**ENTRIES PROVIDED**
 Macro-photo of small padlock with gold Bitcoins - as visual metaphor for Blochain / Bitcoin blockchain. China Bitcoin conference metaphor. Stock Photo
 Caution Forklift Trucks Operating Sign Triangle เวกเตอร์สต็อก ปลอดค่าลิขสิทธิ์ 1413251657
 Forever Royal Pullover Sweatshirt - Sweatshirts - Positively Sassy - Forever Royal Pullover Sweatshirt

--

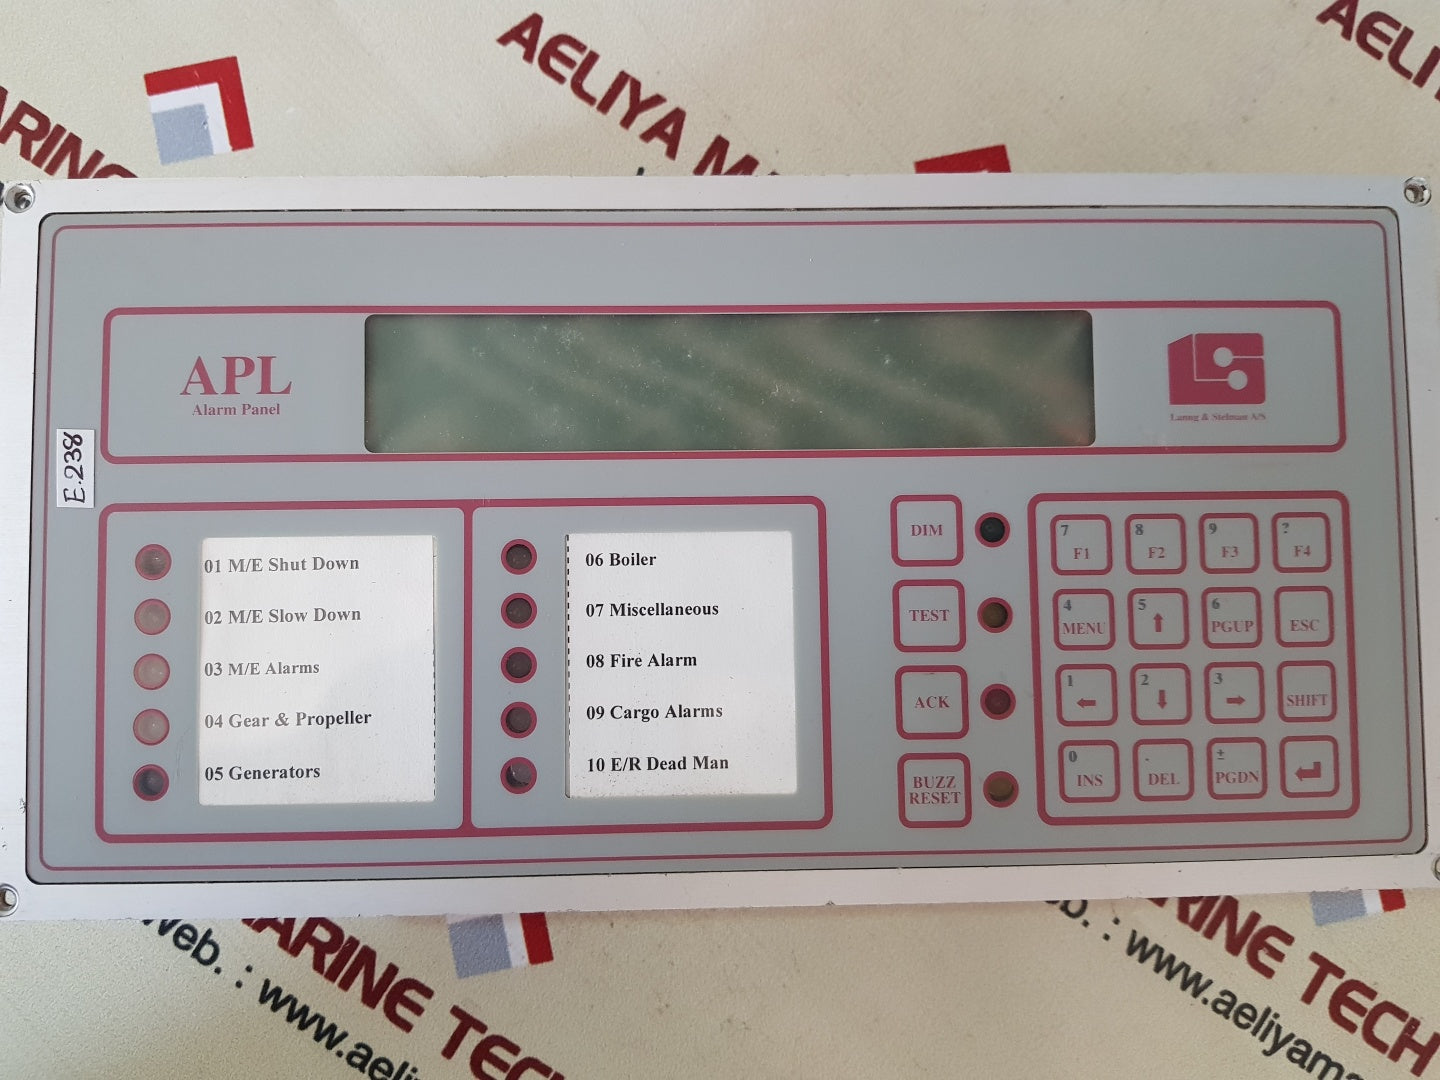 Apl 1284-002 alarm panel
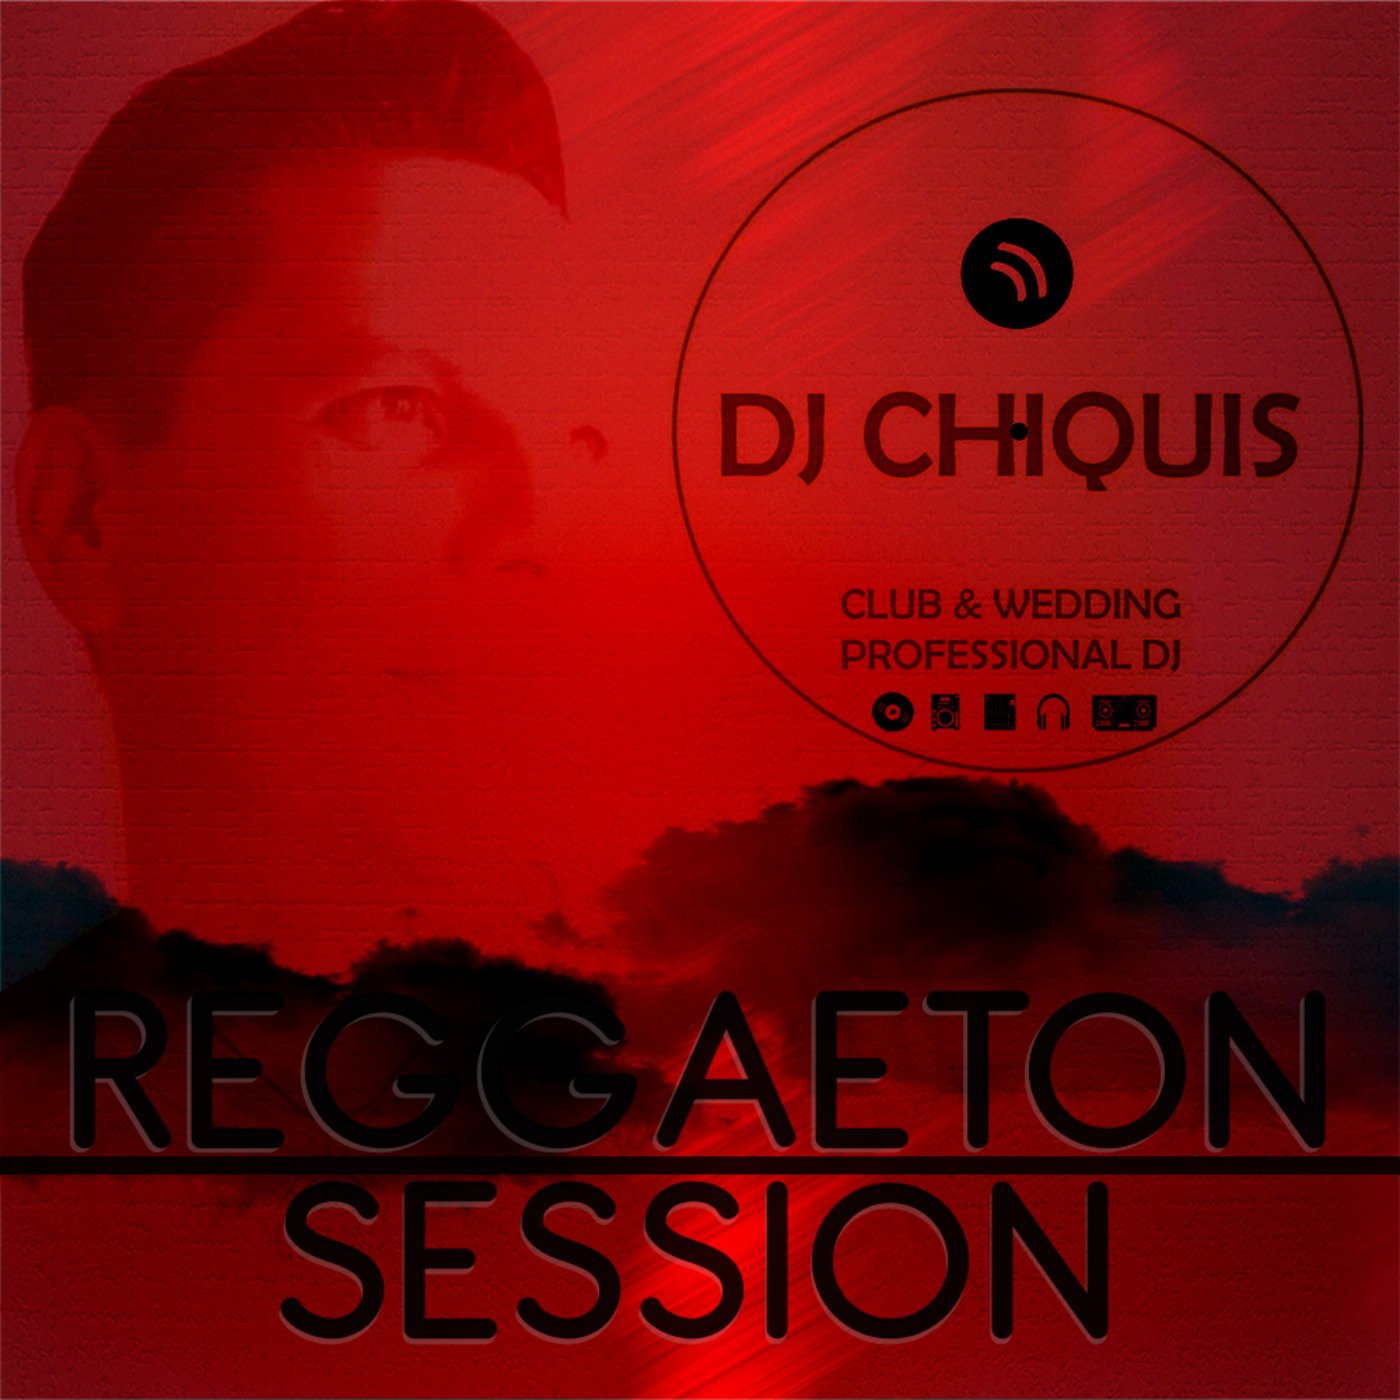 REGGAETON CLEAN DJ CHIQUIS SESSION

...

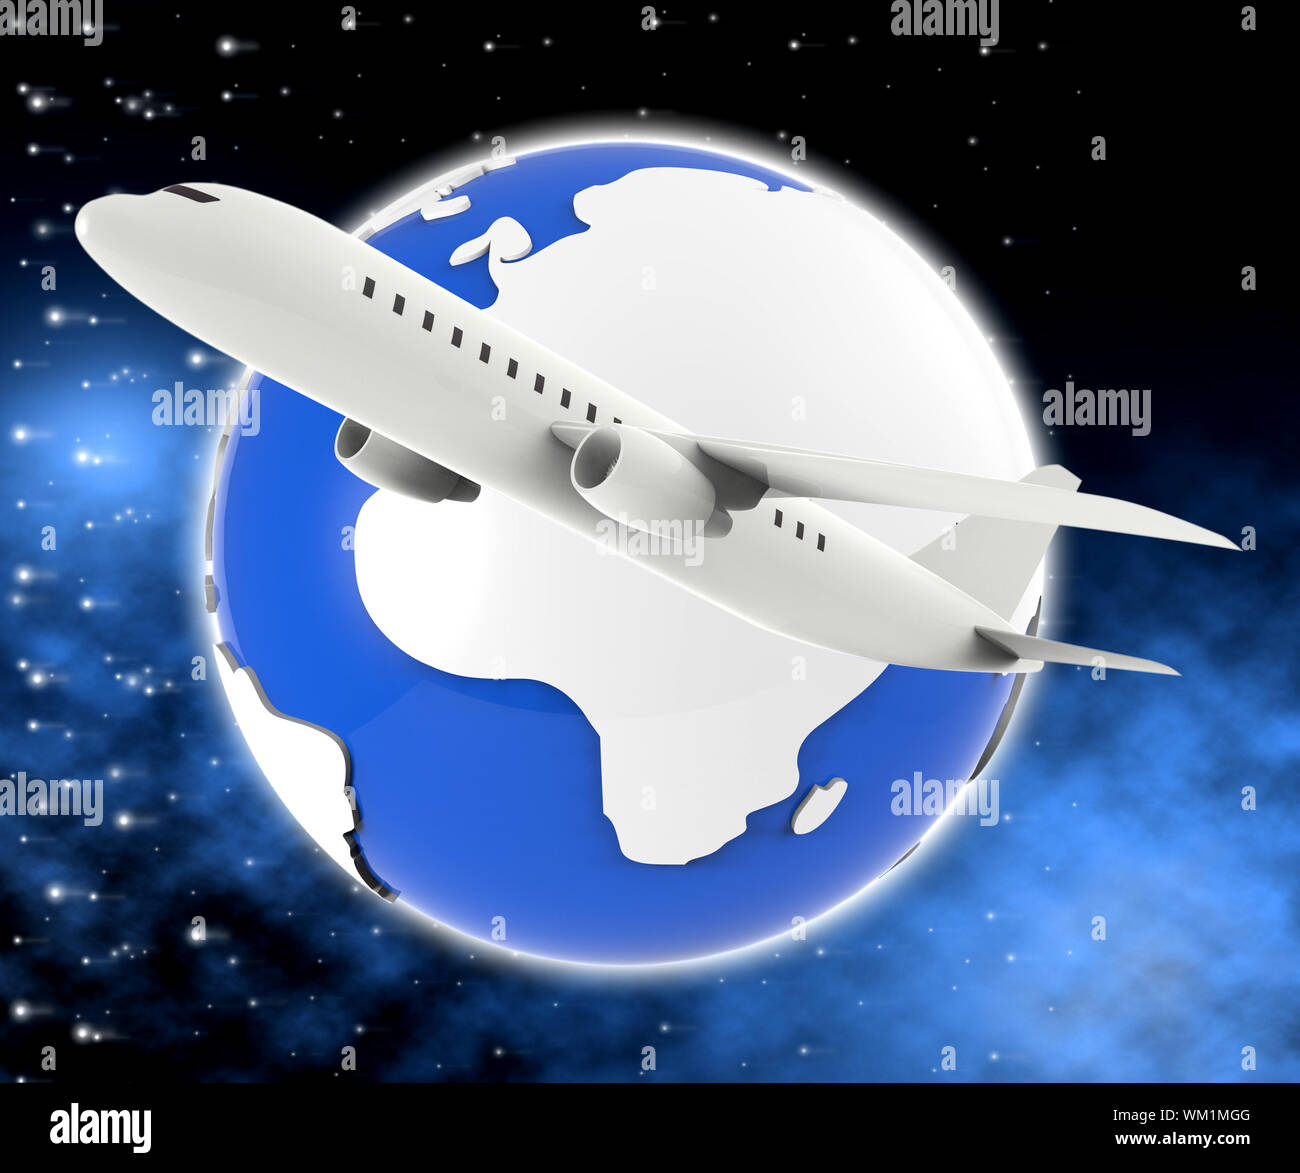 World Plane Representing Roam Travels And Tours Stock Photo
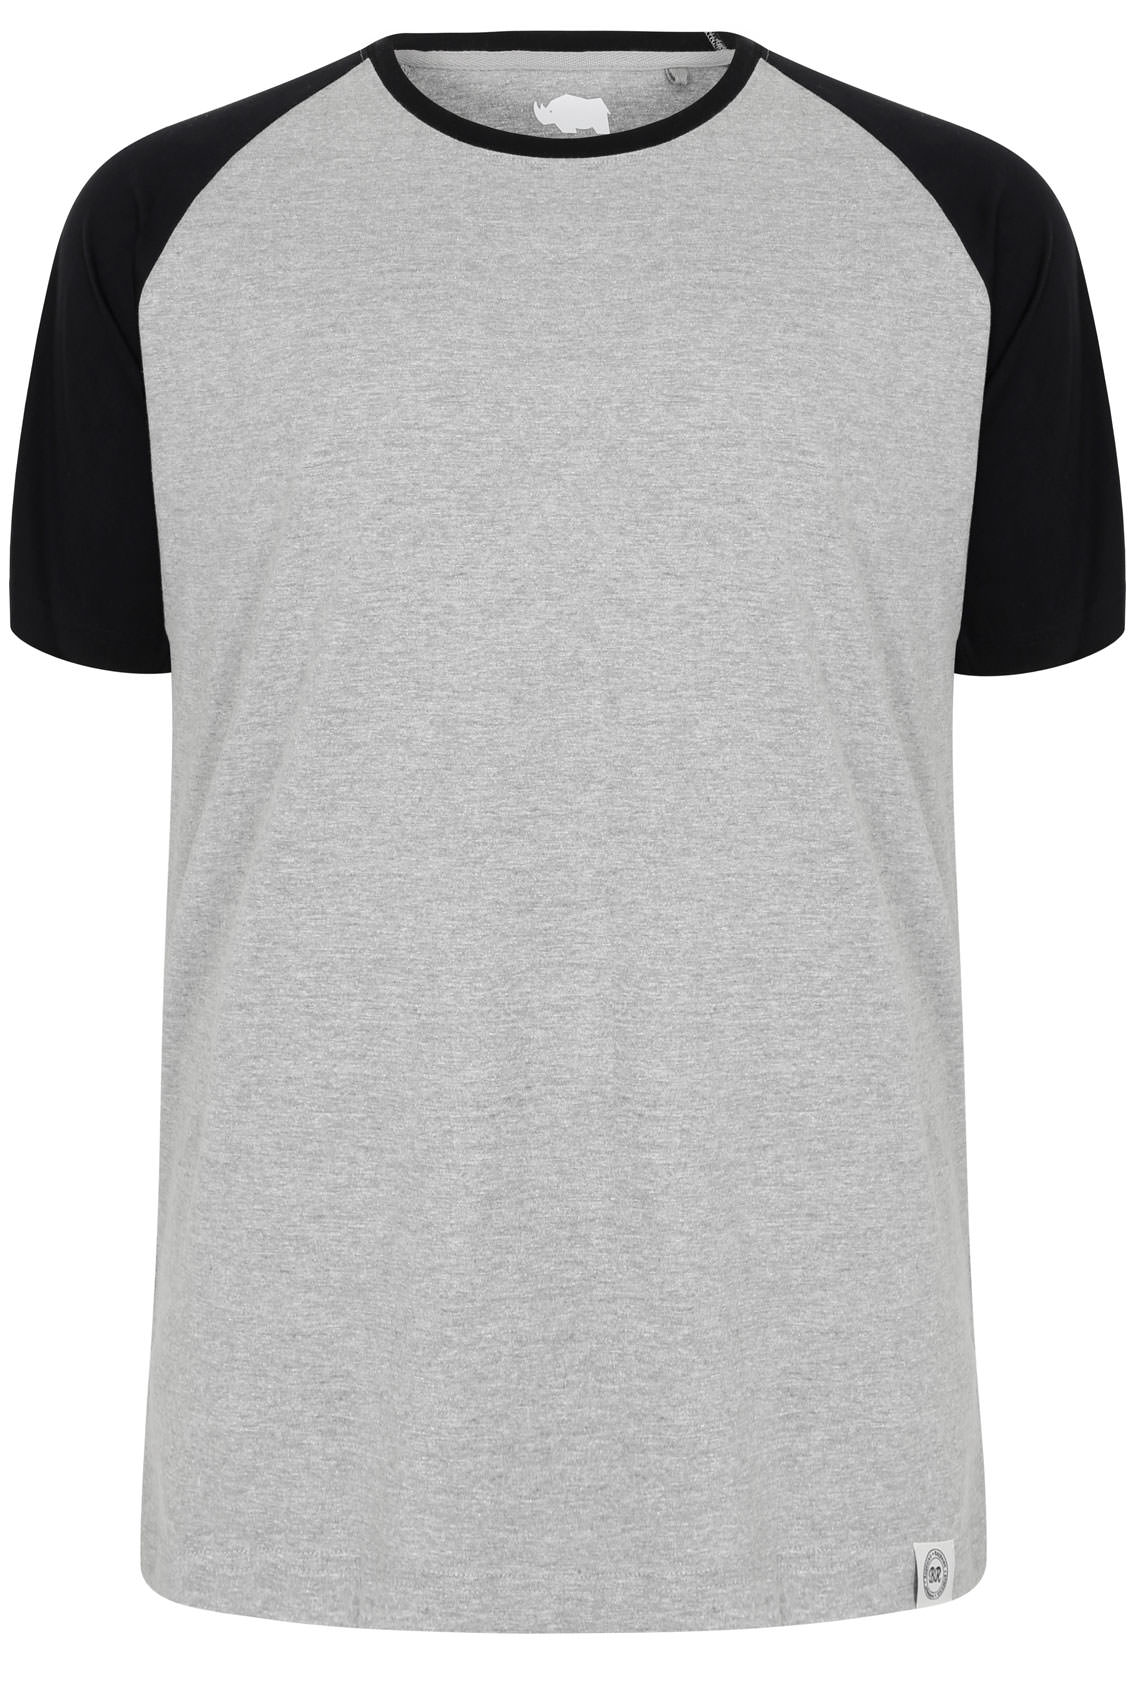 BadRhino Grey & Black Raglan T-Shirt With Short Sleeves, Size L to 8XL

**ASSIGNMENT**
Your answer should be the exact lines above from the one containing "World Plane Representing" through the one containing "BadRhino Grey &", with both end lines kept and the pictures removed, please.

**EXERCISE RESPONSE**
 World Plane Representing Roam Travels And Tours Stock Photo
 BadRhino Grey & Black Raglan T-Shirt With Short Sleeves, Size L to 8XL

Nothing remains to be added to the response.